During a visit to the Selma Dallas County Public Library, Pineda’s crew encountered a French documentary team. They spent nearly an hour talking about found family, misconceptions they had before visiting the South, and how Selma is a lot like Newburgh. The youth opened up to the film crew and shared some of their personal experiences using the prompt: “If you really knew me, you would know [personal fact].” As with their training at the SCNTR, the youth were engaged, and willing to share some of their own successes and challenges.
Pineda and his colleagues also brought Newburgh’s young people to Montgomery, located about 50 miles from Selma. They visited The Legacy Museum and Freedom Monument Sculpture Park, two of three sites dedicated to honoring the millions of lives that were lost — and continue to be affected by — America’s history of the slave trade, racial terrorism lynchings, segregation, and institutionalized racism.

One of the emerging adults found their last name among the 100,000 engraved on the National Monument to Freedom, a massive wall within the Sculpture Park that honors formerly enslaved Black people who won freedom after the Civil War.

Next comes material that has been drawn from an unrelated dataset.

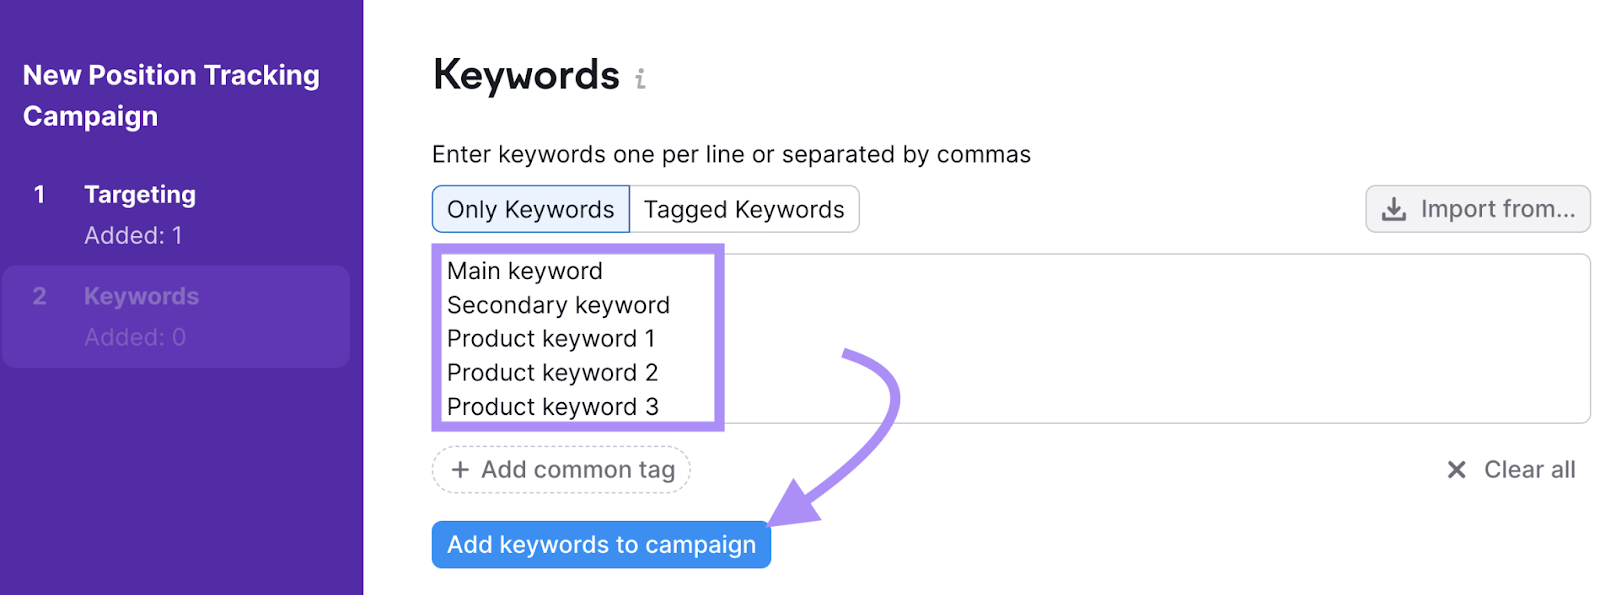 "Keywords" settings model   successful  Position Tracking tool

“Our kids have brought it back and had meaningful convos about the history of lynching in America with younger [peers], like 10 year olds.” As for the impact of The Legacy Museum, “it made me rageful” — but “everyone should go, or at least know about it,” one young person shared.
Shooting for 30,000 Feet
Several weeks after their trip to Selma, AI hosted a webinar. Featured speakers included three of the adults (Pineda, Demetrius James, AI’s Senior Program Advisor; Kenyatta Emmanuel Hughes, Project Director) and three of the youths who traveled to Selma. Also in attendance was Lisette B. Hughes, Senior Program Advisor, who had traveled to the SCNTR with Pineda previously.
The statistics shared during the webinar demonstrate the strength of AI’s relationships with the youths (ages 13-22) they have connected with via Our Core and Marc’s Friends, many of whom attended three or more nonviolence workshops.

Sharing their biggest takeaways from Selma, the young people noted how much action folks are able to take within their own communities and among their peers. Two of them commented on how memorable the church service they attended was; one stated he goes to church often, but the Selma service was the best sermon he ever heard. He also expressed how much Selma reminded him of Newburgh — in both cities, he shared, it’s easy to spot street art and murals amongst buildings in disrepair. “I think the entire thing is beautiful, even the broken down buildings. It reminds me of home,” he said.
Looking toward the future, AI hopes to return to Selma with another group of young folks next year. They’d like to partner with an organization that specializes in serving young female-identifying people and can chaperone emerging adult females.
Next year, Pineda also hopes to cross the bridge with dozens of umbrellas containing hand-painted messages of Good Trouble and abolitionism. In the meantime, he’ll continue addressing the harms he and others have endured during incarceration, educating community members on nonviolence and restorative justice, hosting pop-up events, and uplifting Newburgh’s youth. “We shoot for the moon, but we’re good to reach 30,000 feet,” he said.